Automating Pairs Trading in PineScript

Fact checked by
Mike Christensen, CFOA
February 2, 2026
Learn how to build an automated pairs trading bot using PineScript and AI assistance, from calculating z-scores to executing dual-symbol trades with TradersPost.

Pairs trading is one of the most fundamental quantitative trading strategies, offering a market-neutral approach to profiting from the mean-reverting relationship between two correlated assets.

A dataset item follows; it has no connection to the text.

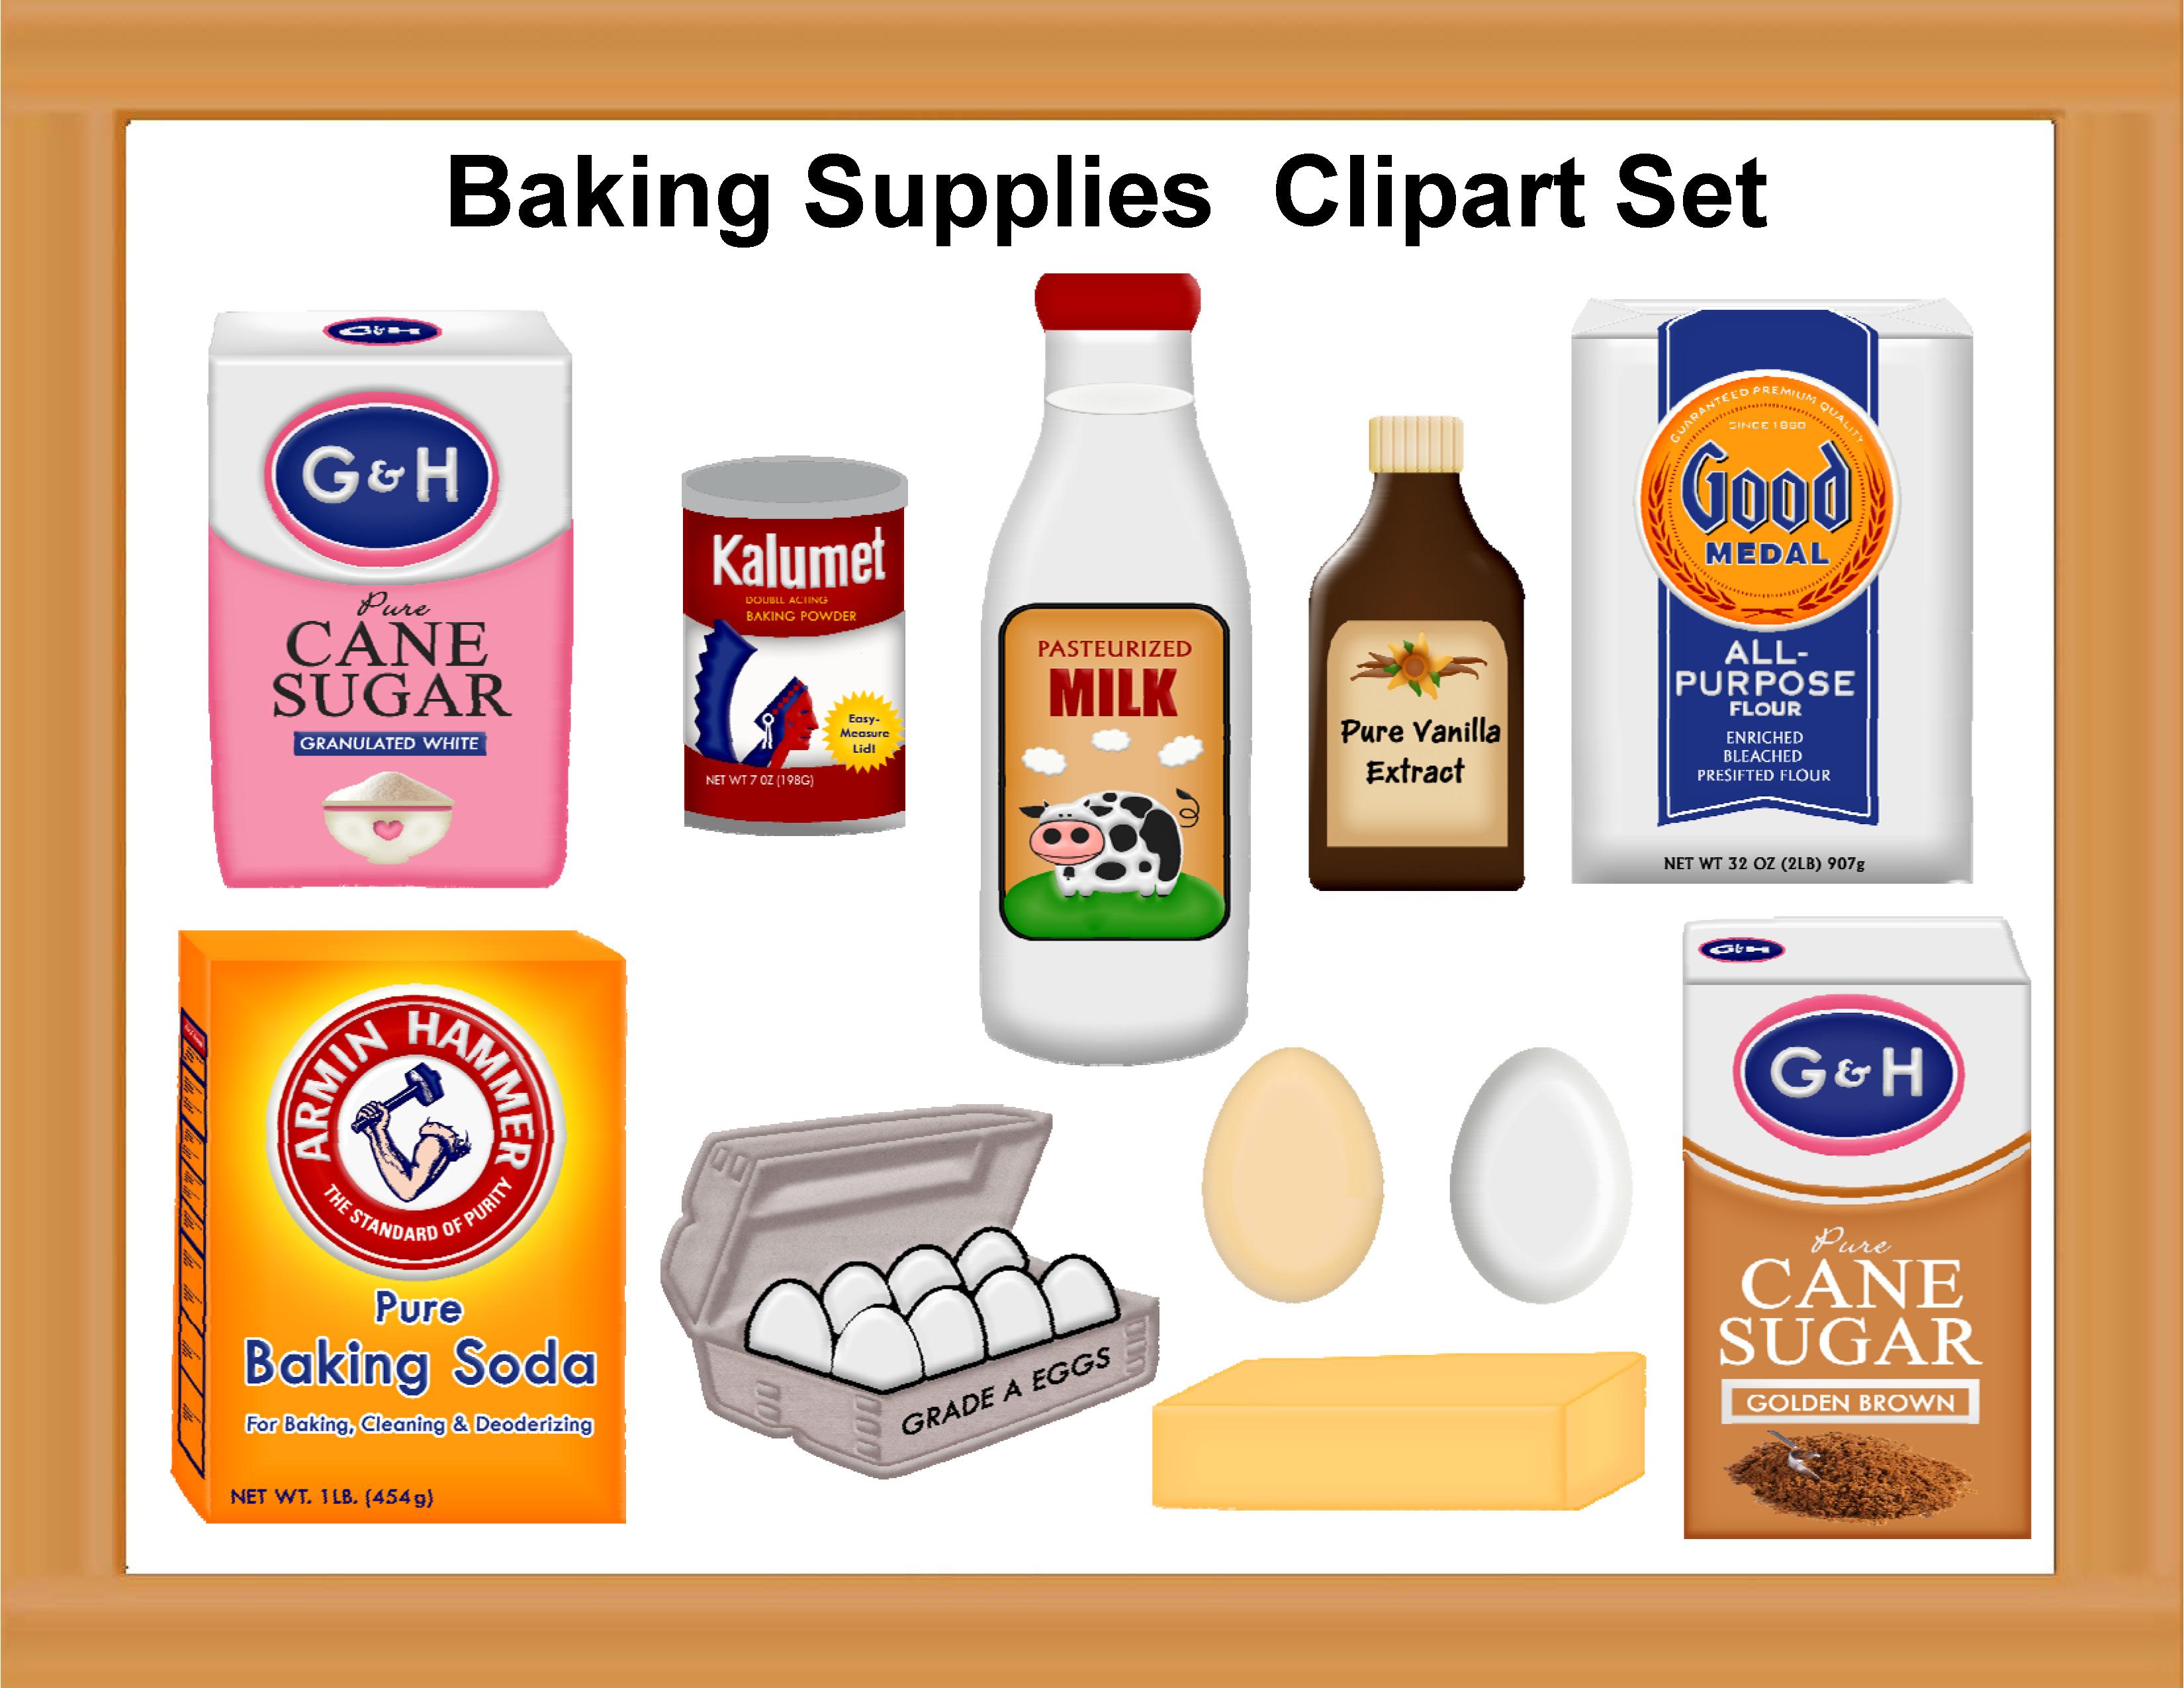 Baking Equipment Clipart - Clipart Suggest

In this deep-dive tutorial, we'll show you how to build an automated pairs trading bot using PineScript, AI assistance, and TradersPost for execution.

Understanding Pairs Trading Fundamentals

Pairs trading operates on a simple premise: two highly correlated assets will occasionally diverge in price, creating a temporary imbalance. When this happens, you can profit by simultaneously buying the underperforming asset and shorting the outperforming one, betting they'll converge back to their normal relationship.

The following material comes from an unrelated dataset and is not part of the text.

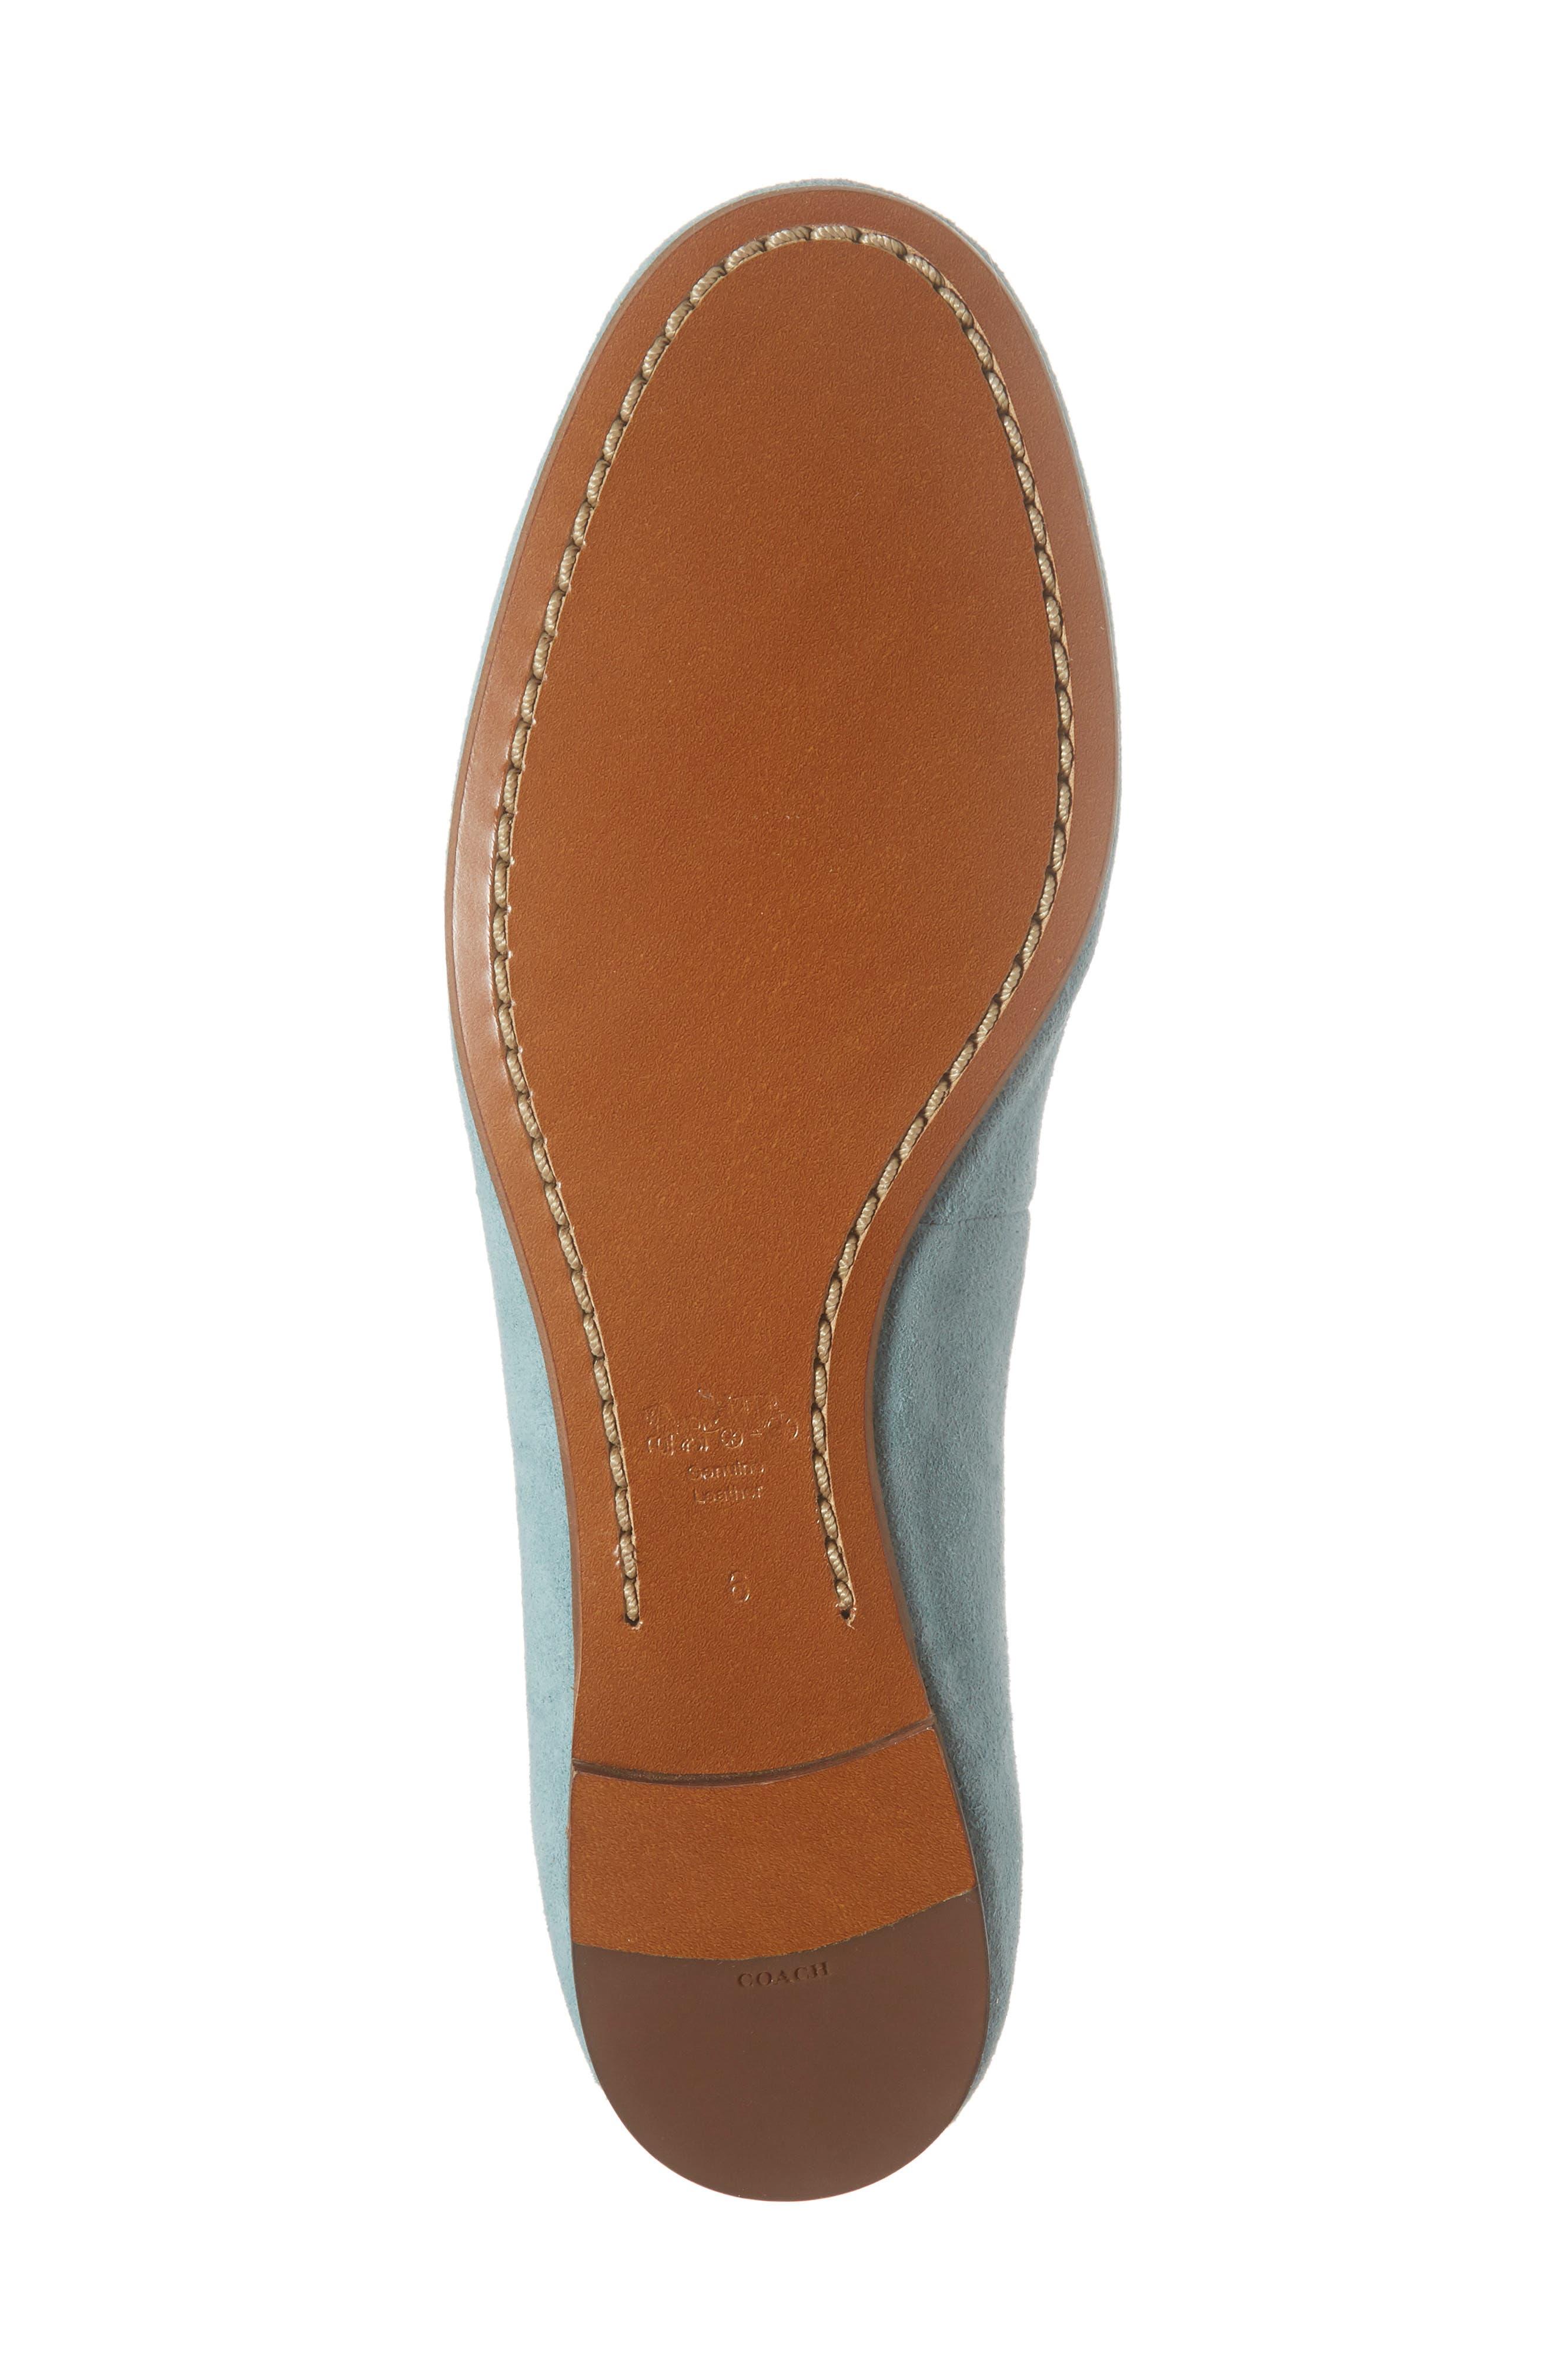 Lola Ballet Flat,                             Alternate thumbnail 6, color,                             Marine Leather

Unlike directional strategies that bet on price going up or down, pairs trading is market-neutral. You're not trading the absolute price of either asset—you're trading the spread between them. This makes the strategy less sensitive to overall market direction and more focused on relative value.

The Math Behind the Strategy

Traditional pairs trading relies on concepts like cointegration and stationarity to identify asset pairs that truly move together over the long term. The gold standard test is the Augmented Dickey-Fuller (ADF) test, which determines whether the spread between two assets is stationary (mean-reverting).

However, PineScript lacks access to these advanced statistical functions that are common in Python or R. You can't easily implement ADF or cointegration tests directly in TradingView. This limitation forces us to take a more practical approach: identifying pairs through correlation analysis and visual inspection.

For a pairs trading strategy to work in PineScript, focus on assets with:

  • High correlation: Aim for 0.8 or higher between the two assets
  • Same sector or related industries: Like Coca-Cola and PepsiCo, or SPY and QQQ
  • Liquid markets: Both assets should have sufficient volume for easy execution
  • Similar market cap: This helps ensure comparable volatility profiles

Building the Strategy with AI Assistance

One of the most interesting developments in 2025 is using AI to accelerate strategy development. Rather than coding everything from scratch, you can leverage tools like ChatGPT, Claude, or Grok to generate PineScript code based on educational content.

Here's the process:

Step 1: Find Quality Educational Content

Start with a well-explained video or article about pairs trading. Look for content that clearly outlines the strategy mechanics, entry conditions, and exit signals. YouTube is excellent for this—search for "pairs trading algorithm" or "mean reversion strategy."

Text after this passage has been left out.